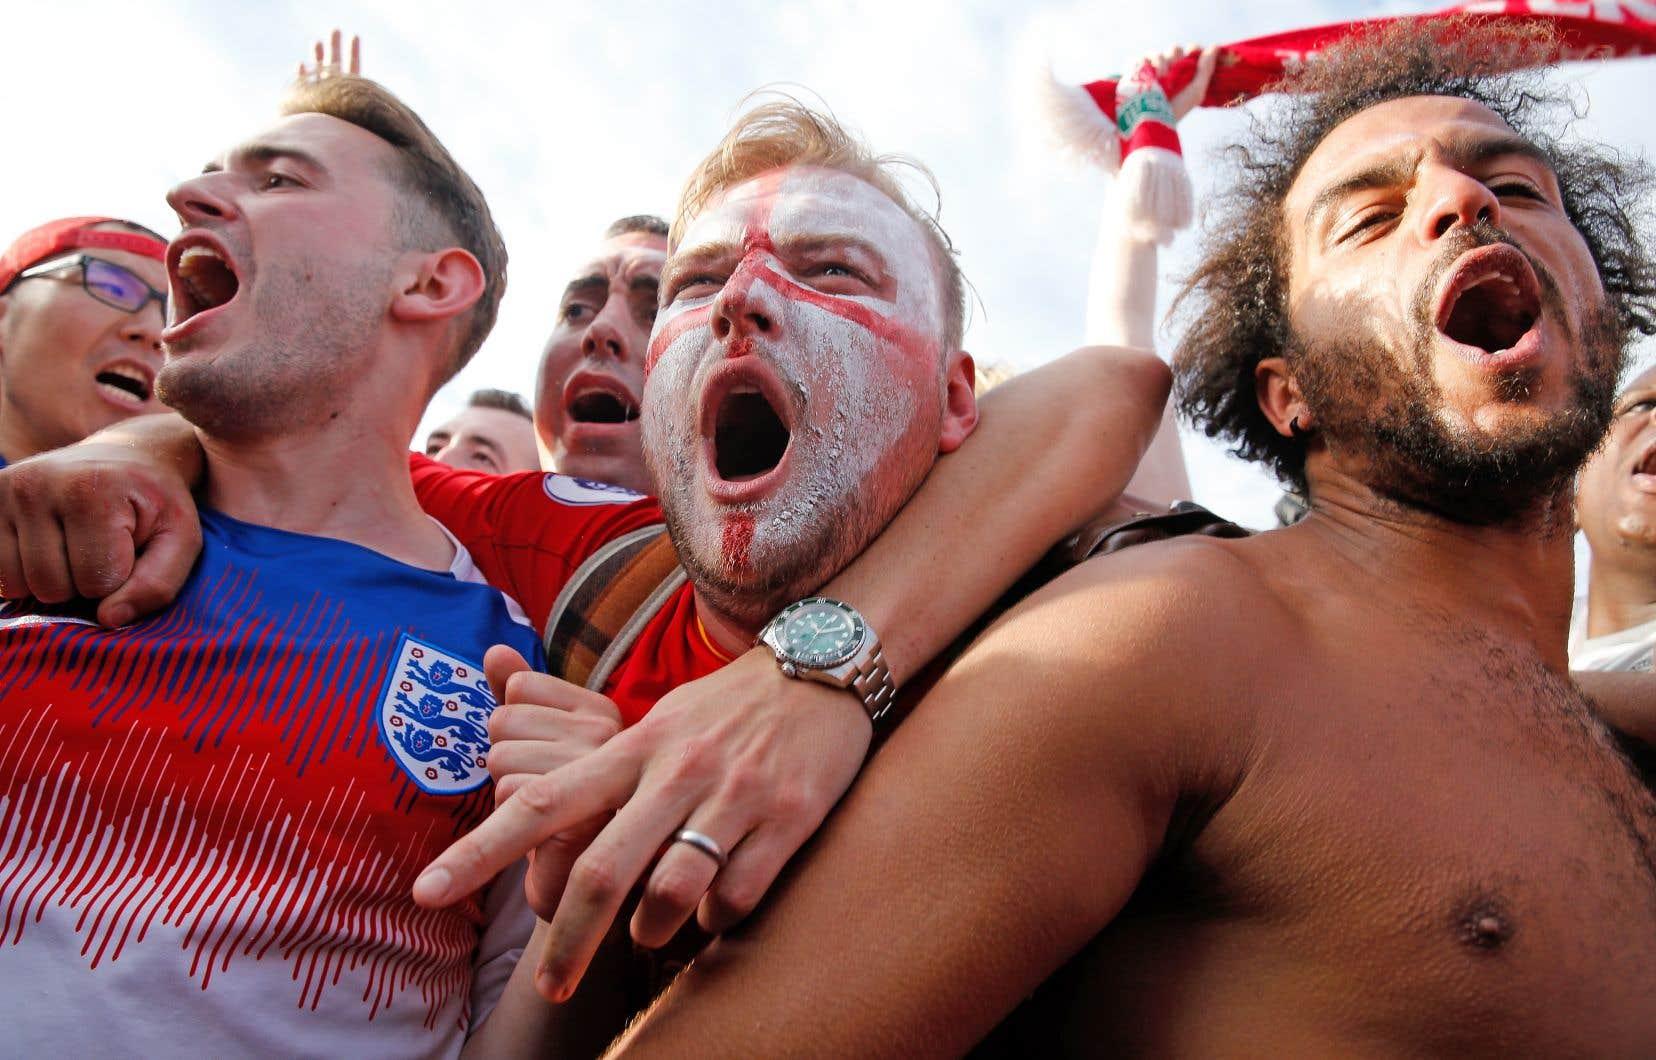 Des partisans anglais célèbrent la victoire des Three Lions après le match contre la Suède à la Coupe du monde de soccer, en Russie.
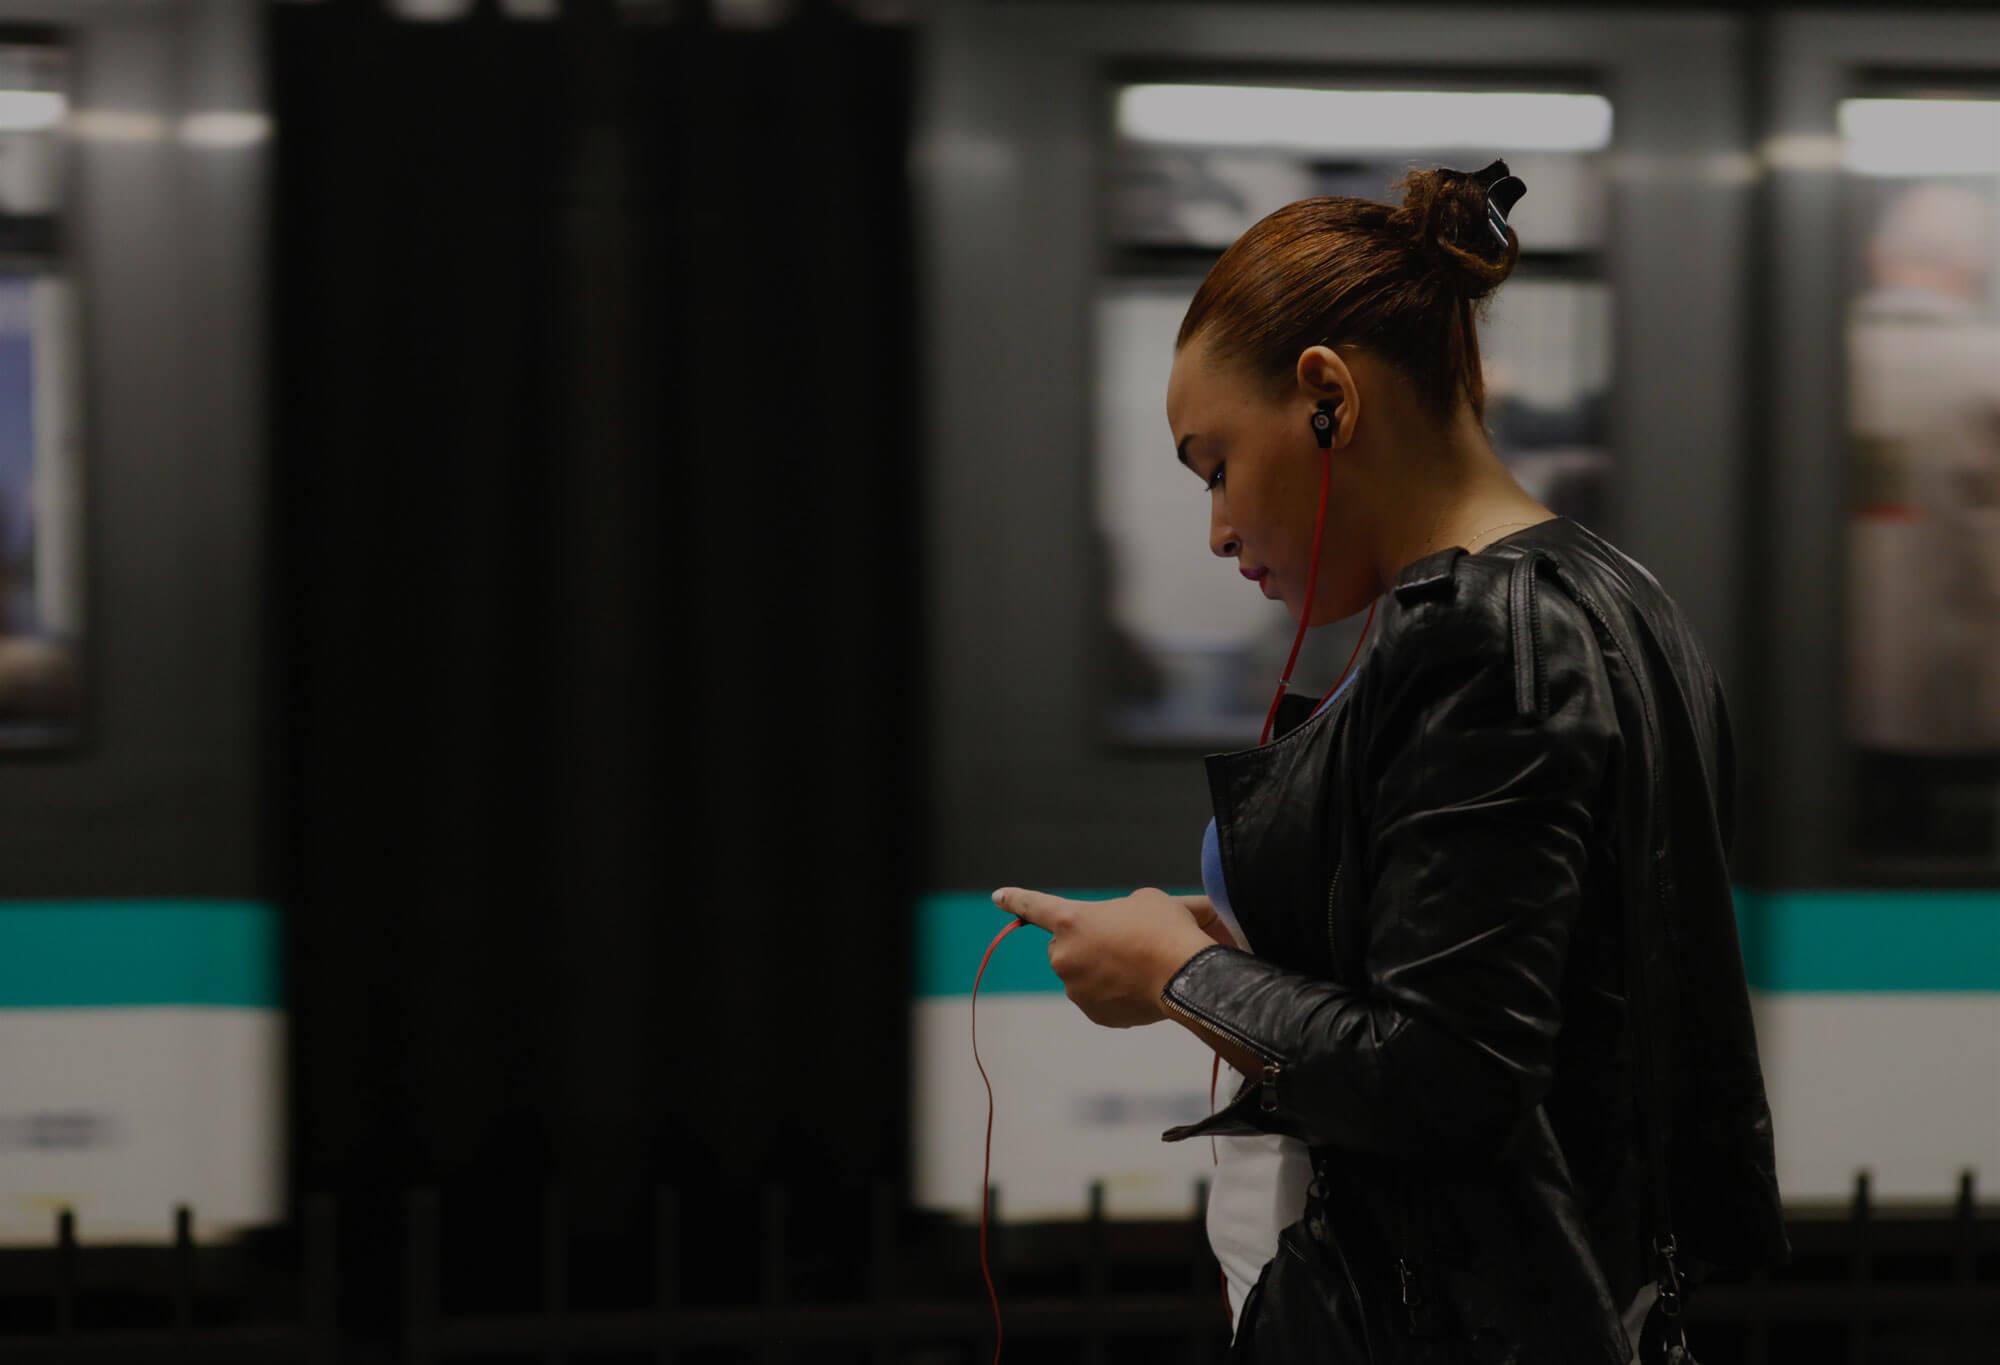 Pole emploi - offre emploi Conseiller client domaine pharma (H/F) - La Garenne-Colombes
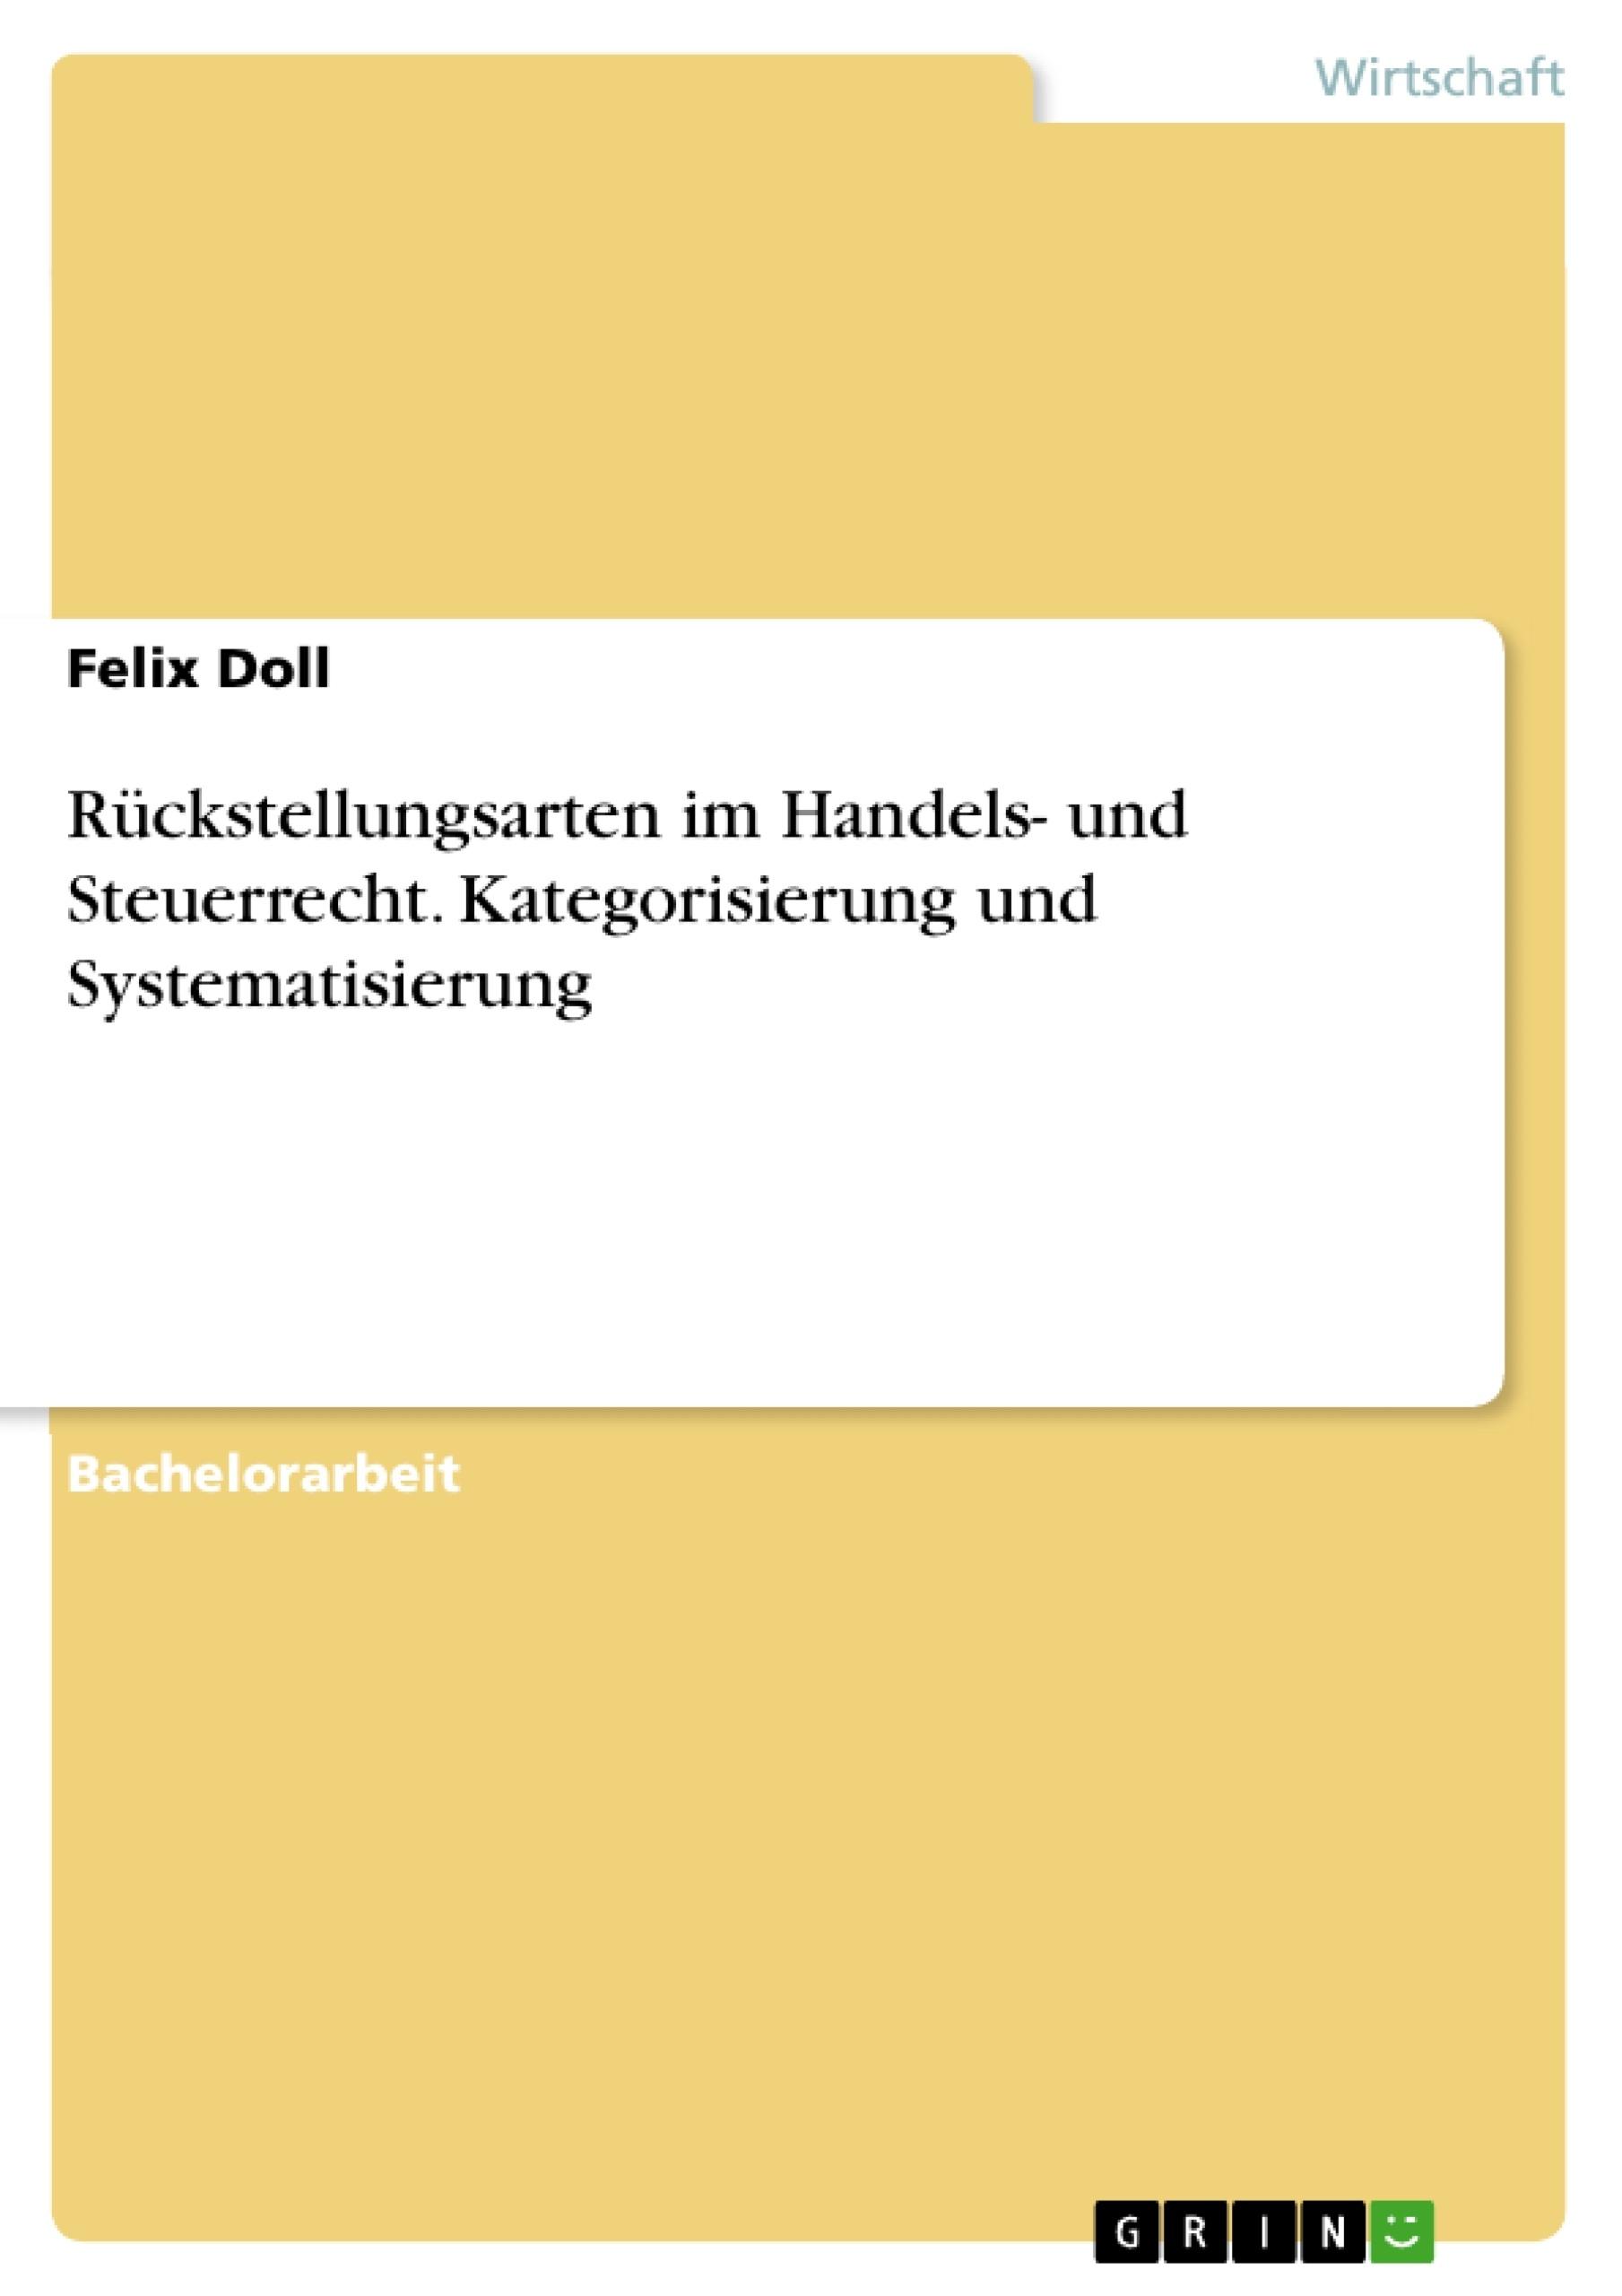 Titel: Rückstellungsarten im Handels- und Steuerrecht. Kategorisierung und Systematisierung

TASK DIRECTIONS: With the pictures left out, give again exactly the lines from the one with "Pole emploi - offre" through the end of the data, both included.

RESPONSE:
 Pole emploi - offre emploi Conseiller client domaine pharma (H/F) - La Garenne-Colombes
 Titel: Rückstellungsarten im Handels- und Steuerrecht. Kategorisierung und Systematisierung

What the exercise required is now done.